» **Raw data**

══════════

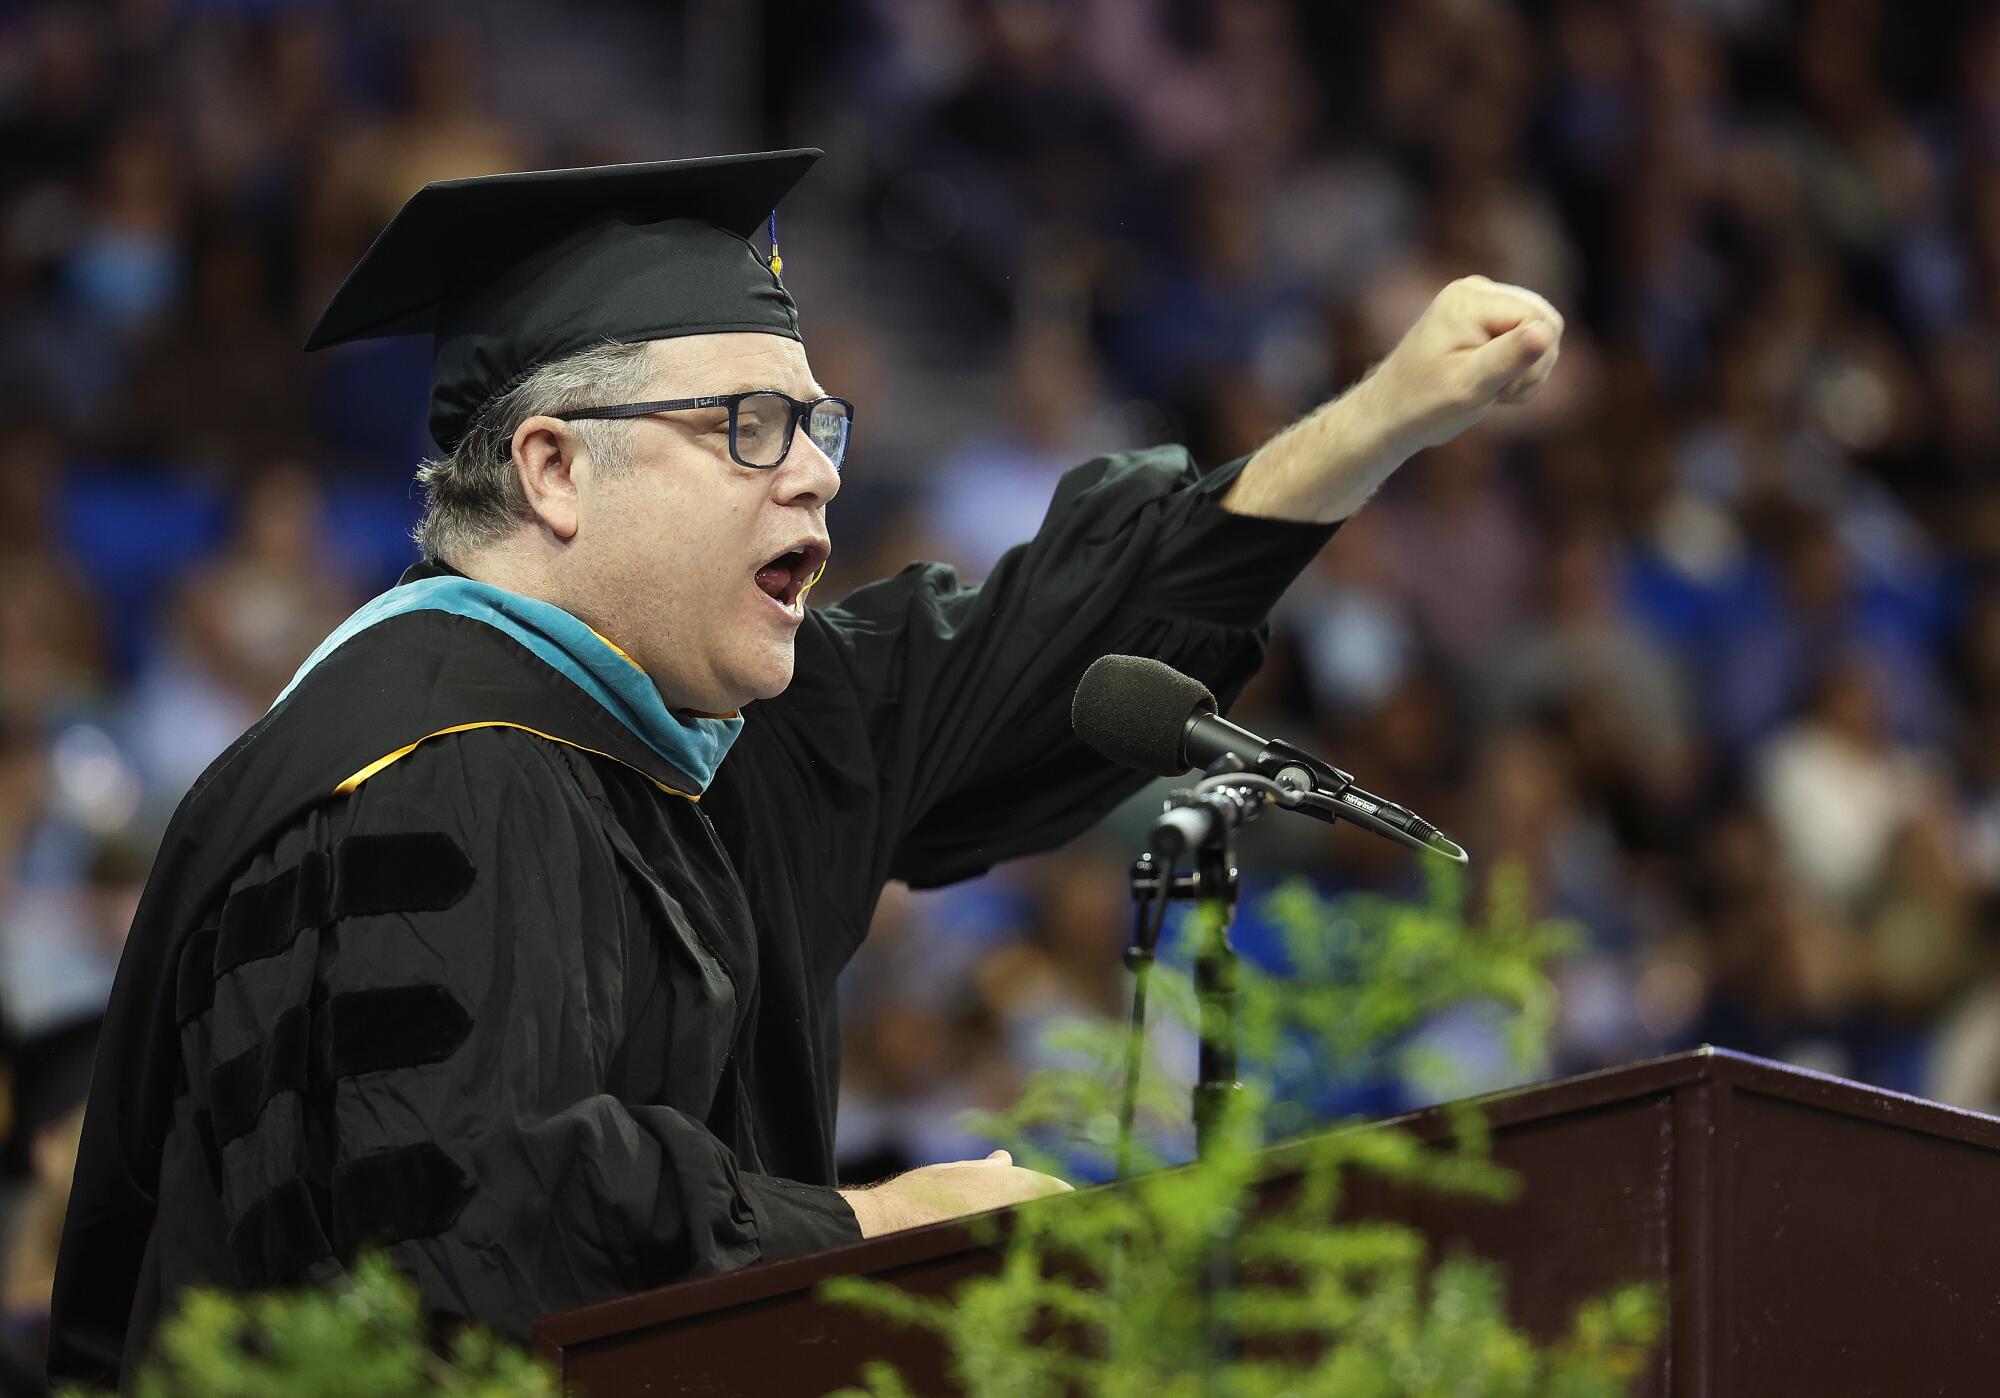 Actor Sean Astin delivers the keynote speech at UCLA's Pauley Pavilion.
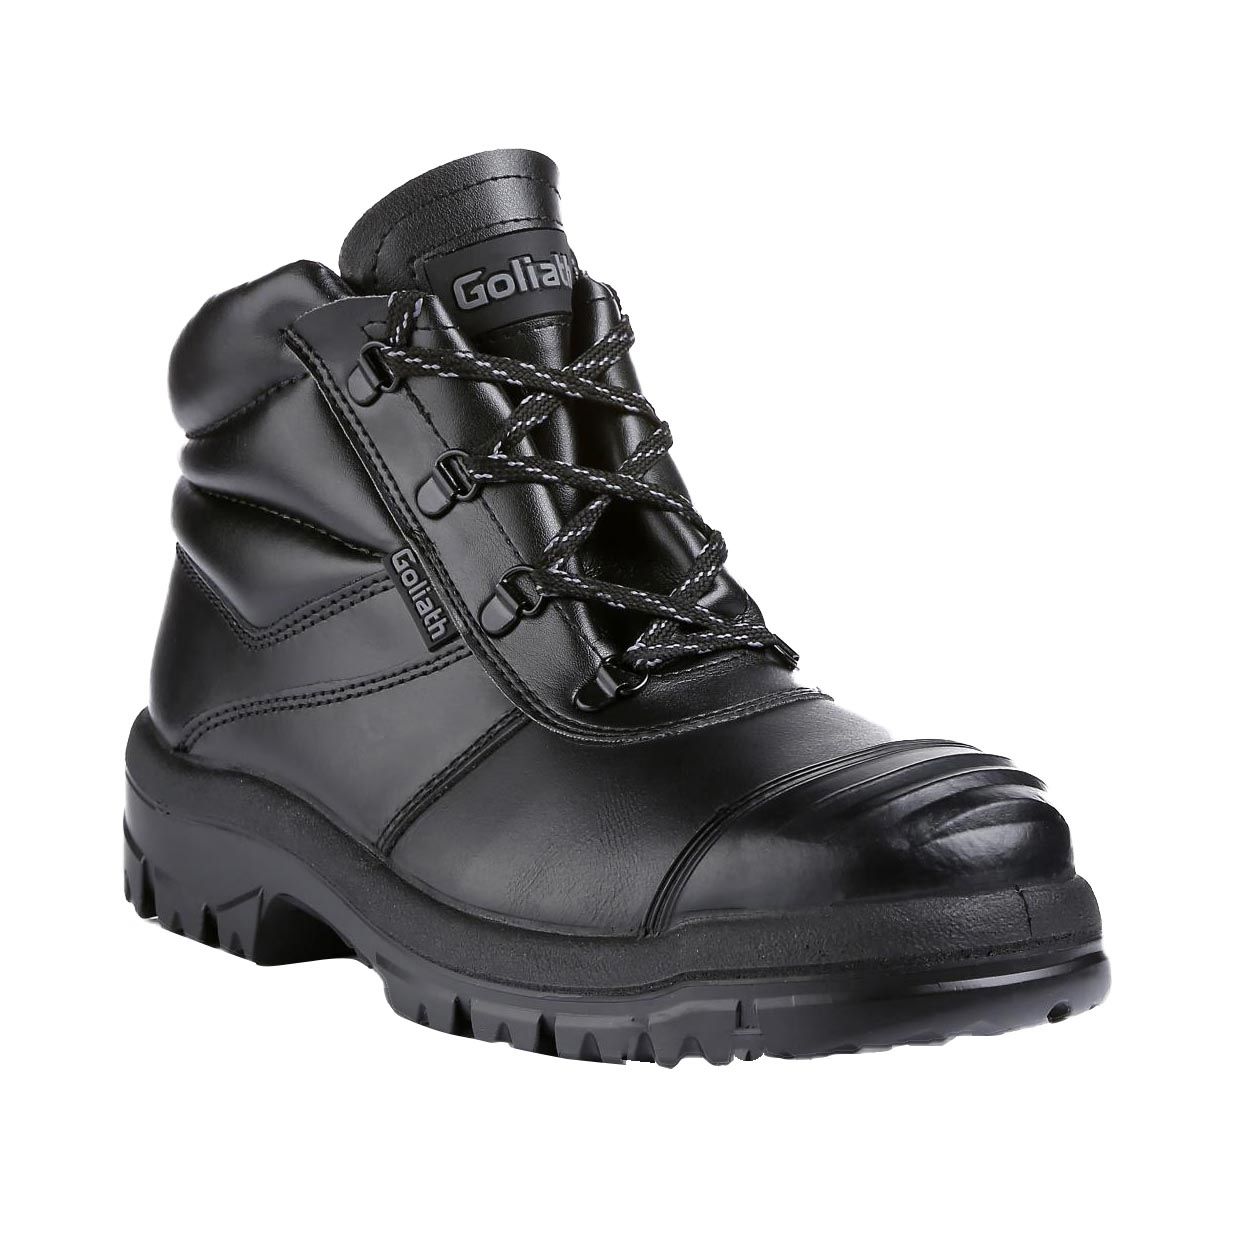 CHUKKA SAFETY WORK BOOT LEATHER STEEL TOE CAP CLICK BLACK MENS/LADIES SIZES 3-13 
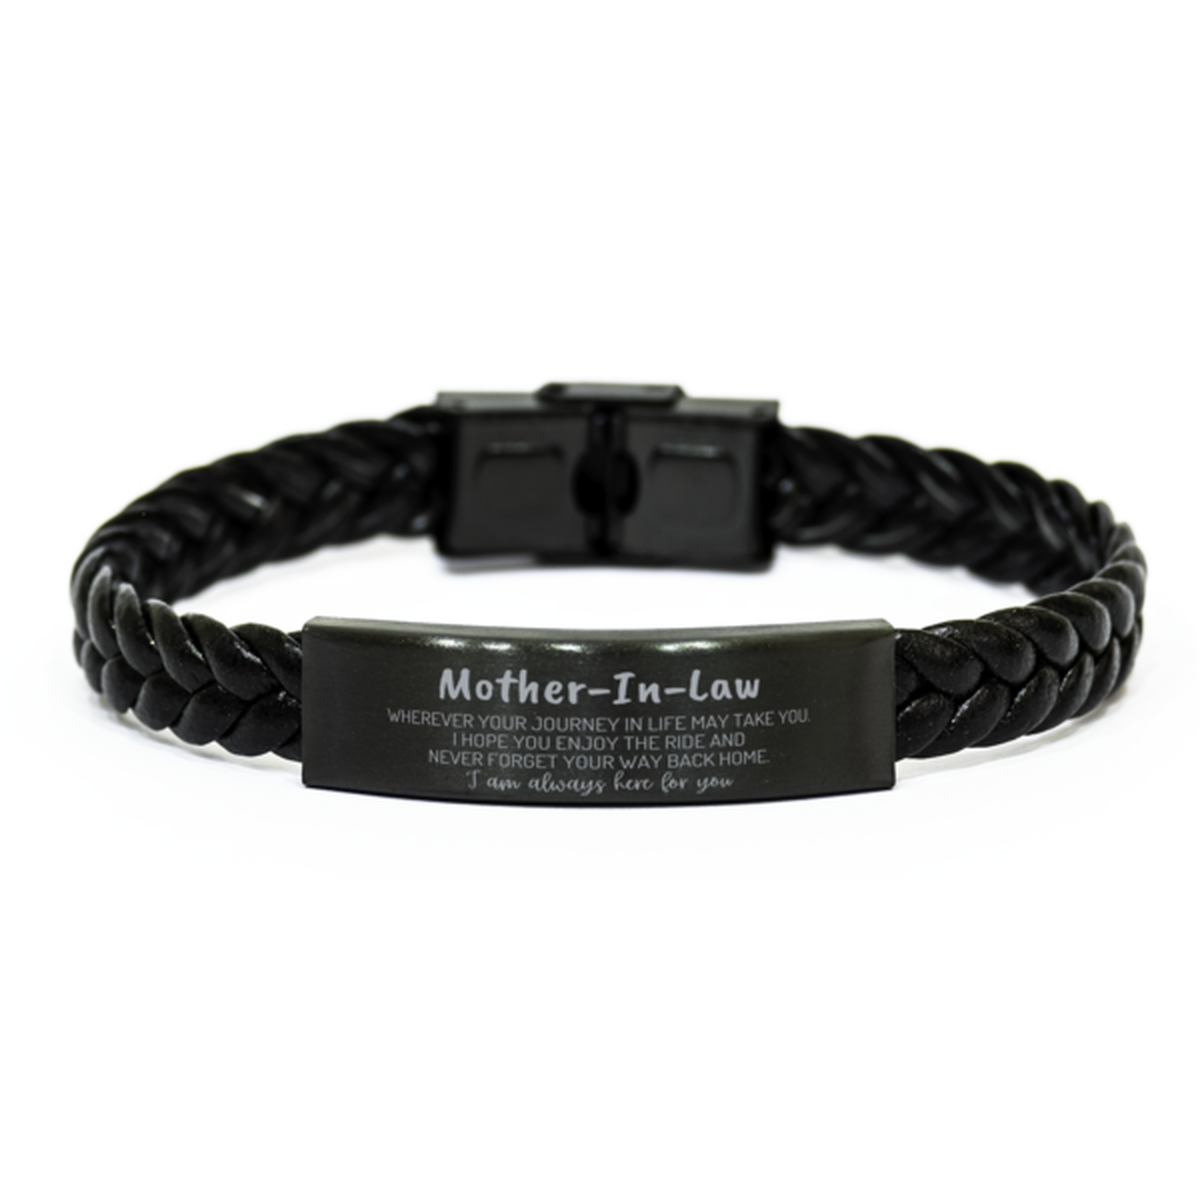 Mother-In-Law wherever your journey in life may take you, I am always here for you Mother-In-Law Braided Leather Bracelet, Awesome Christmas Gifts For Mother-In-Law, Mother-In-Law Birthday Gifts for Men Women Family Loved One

══════════

Leave out any pictures, please, and quote only the lines from the top of the data through the line that contains "CHUKKA SAFETY WORK".

» **Task answer**
 Actor Sean Astin delivers the keynote speech at UCLA's Pauley Pavilion.
 CHUKKA SAFETY WORK BOOT LEATHER STEEL TOE CAP CLICK BLACK MENS/LADIES SIZES 3-13 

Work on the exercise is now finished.